## Data extracts:
★ ★ ★ ★ ★ ★ ★

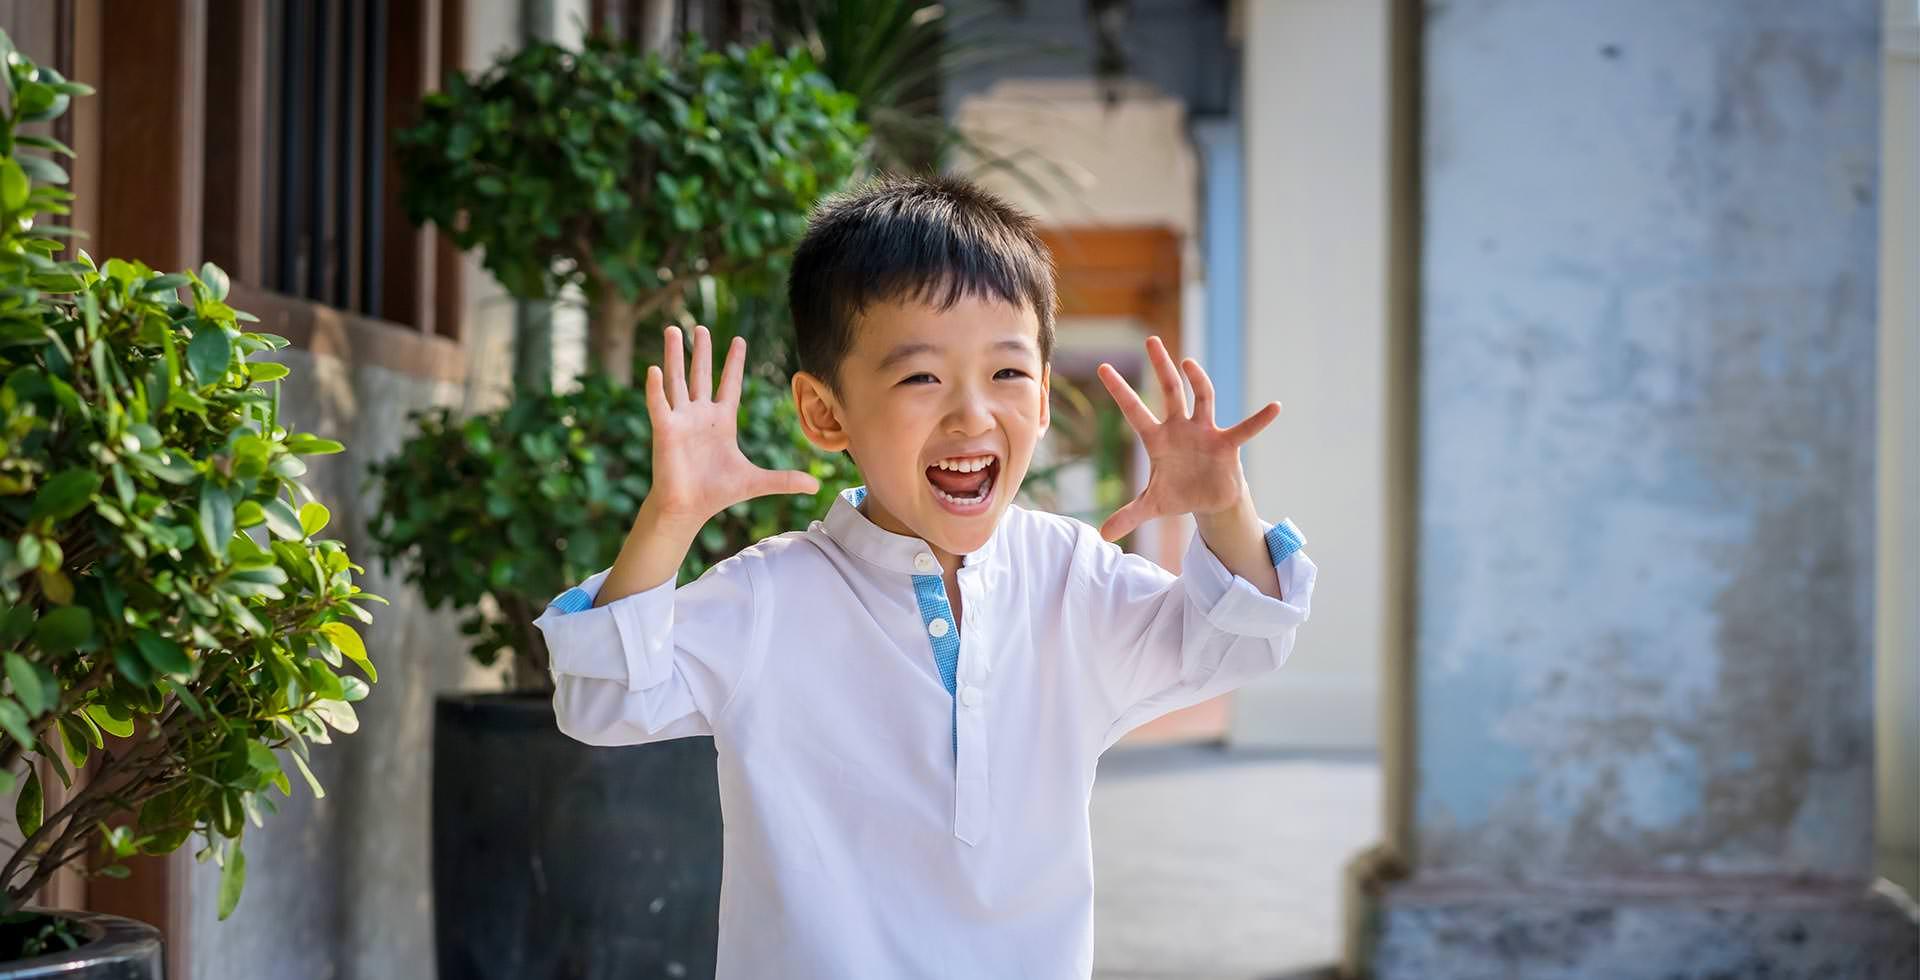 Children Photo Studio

★ ★ ★ ★ ★ ★ ★

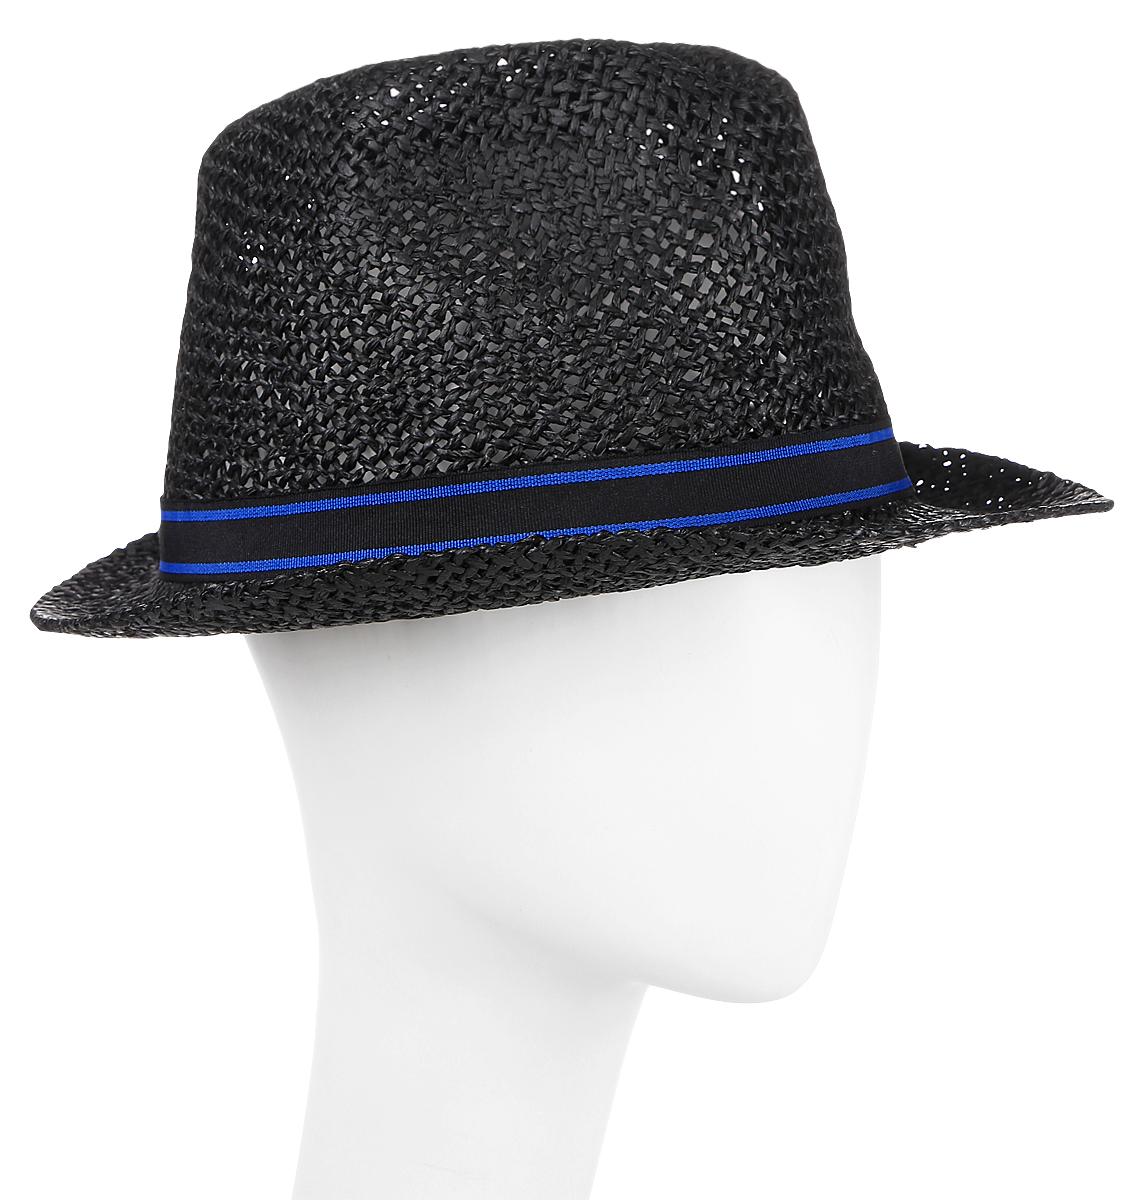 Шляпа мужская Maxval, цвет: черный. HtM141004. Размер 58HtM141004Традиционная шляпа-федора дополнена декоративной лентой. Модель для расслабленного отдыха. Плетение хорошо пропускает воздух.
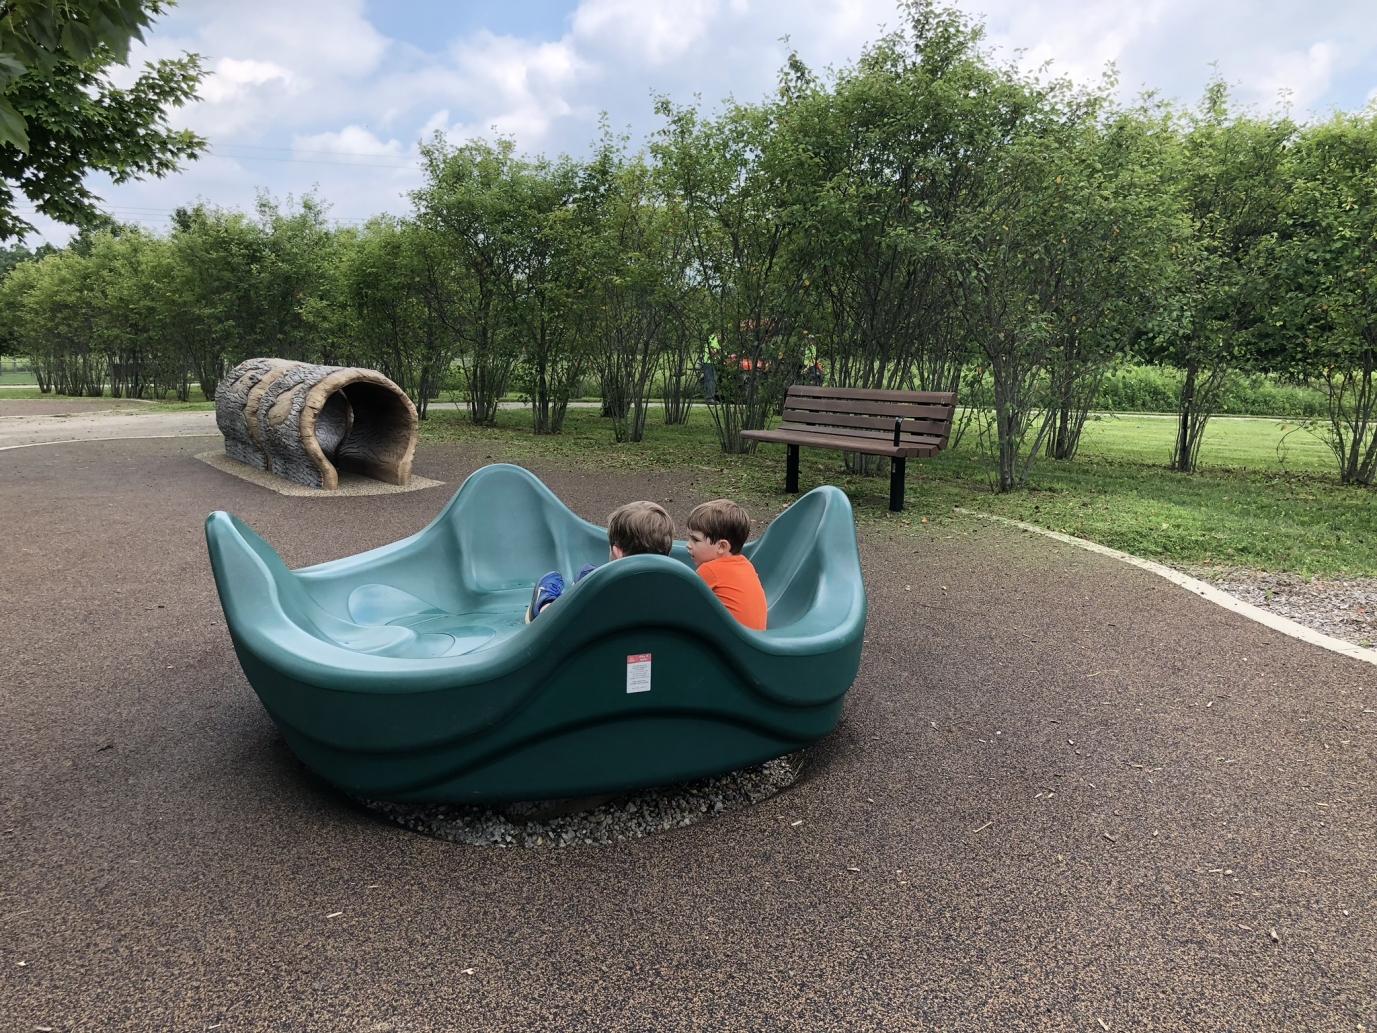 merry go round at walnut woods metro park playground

★ ★ ★ ★ ★ ★ ★

## Work task:
Copy exactly the lines of the entries above from the one containing "Шляпа мужская Maxval, цвет: черный." through the one containing "merry go round". Both end lines count; pictures do not.

## Task solution:
 Шляпа мужская Maxval, цвет: черный. HtM141004. Размер 58HtM141004Традиционная шляпа-федора дополнена декоративной лентой. Модель для расслабленного отдыха. Плетение хорошо пропускает воздух.
 merry go round at walnut woods metro park playground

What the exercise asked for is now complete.